Die Orgel der ehemaligen Benediktinerabtei, 1740 bis 1745 von den Gebrüdern Riepp aus Ottobeuren (Schwaben) gebaut, war das größe Instrument Frankreichs außerhalb Paris, zudem mit einem 32' im Hauptwerk ausgestattet. Karl-Joseph Riepp baute sie im französischen Stil; wir verdanken ihm auch die Orgel in Dole und die Orgel in der Klosterkirche zu Ottobeuren, in denen er später eine Synthese von französischem und deutschem Baustil verwirklichte.

1787 erneuert Jean Richard aus Troyes das Instrument: Erweiterung des Manualurnfangs von 51 auf 54 Tasten; die Windladen werden verändert, das Plein jeu erhält zwei zusätzliche Chöre und die Zungenstimmen werden erneuert.

Nach den Restaurierungen unter Daublaine-Callinet (1846-48) und Joseph Merklin (1860) behält die Orgel einen Großteil ihres Pfeifenmaterials, obwohl die Terzregister zugunsten weiterer Grundstimmen verschwanden und der 32' nur noch im Pedal spielbar war.

Erst im Jahre 1953 wird die Orgel im Rahmen eines großen Umbaus, unter der Aufsicht der Kommission der Denkmalorgeln (Félix Raugel), ausgeführt von der Firma Roethinger, mit einer elektropneumatischen Traktur versehen, die Register auf drei Manualen und Pedal neu geordnet und in neoklassischem Stil intoniert (Robert Boisseau).

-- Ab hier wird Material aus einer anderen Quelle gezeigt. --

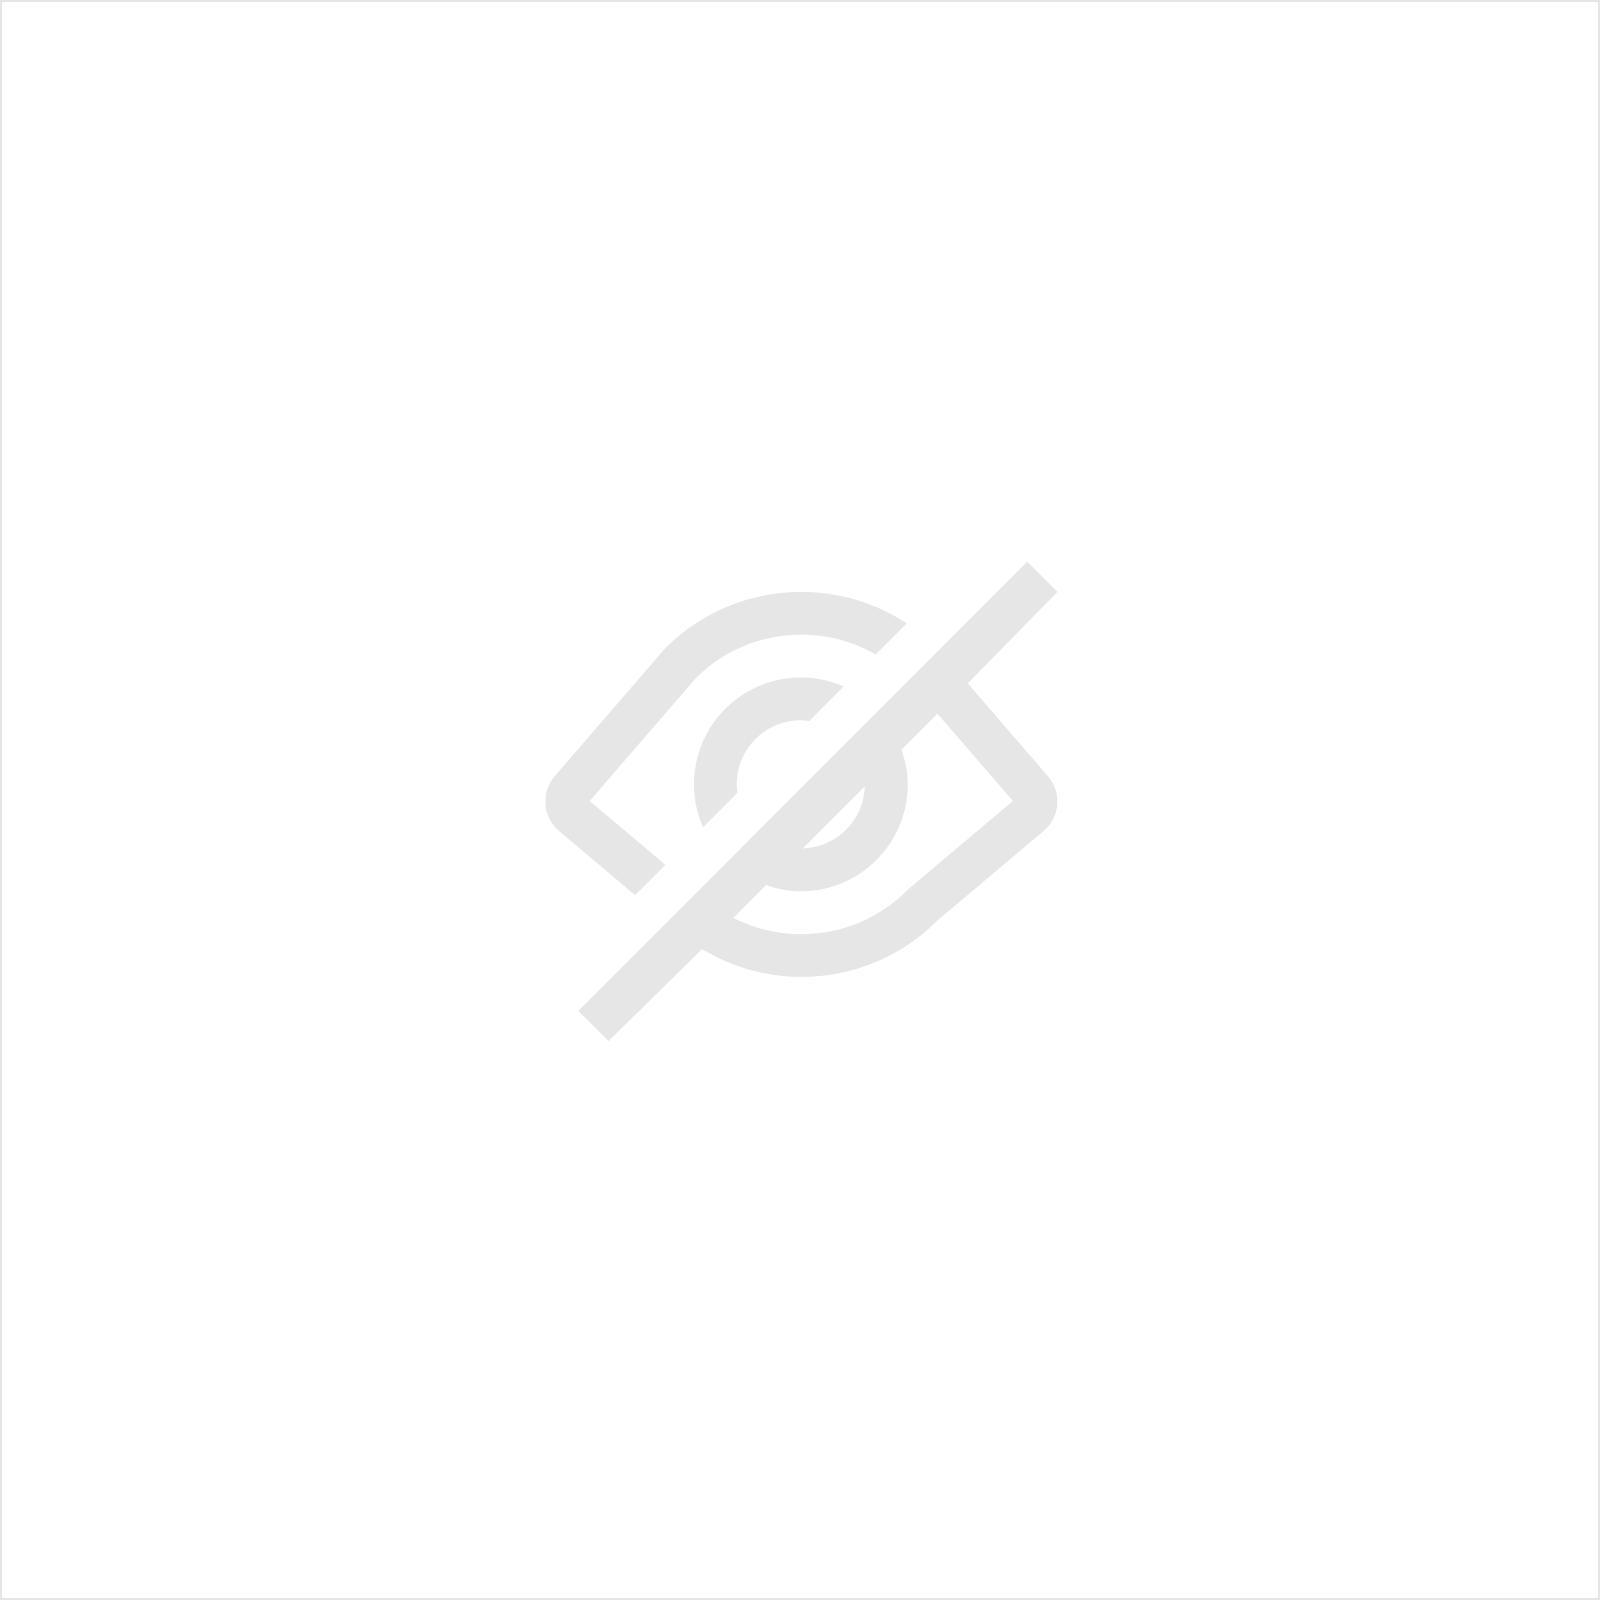 AUTOHOES SUPERTEX LUXE BINNENHOES TYPE F = AUTO < 5,75 M - BLAUW

Bei der Restaurierung von 1987-1996 durch Gerhard Schmid (Kaufbeuren/Schwaben) wurde die Orgel in das alte restaurierte Gehäuse neu eingebaut, wieder auf vier Manuale und Pedal verteilt, entsprechend der Aufteilung am Ende des 18. Jahrhunderts. In einem Schwellwerk, das sich hinter dem Hauptgehäuse befindet, wurden die Register des 19. Jahrhunderts und die von Roethinger zusammengefasst: Das Instrument, das nun seinen 32' wieder im Manual hat, zählt 73 Register und hat eine mechanische Spiel- und Registertraktur. Letztere ist zudem auf elektrischem Weg an eine elektronische Setzeranlage angeschlossen.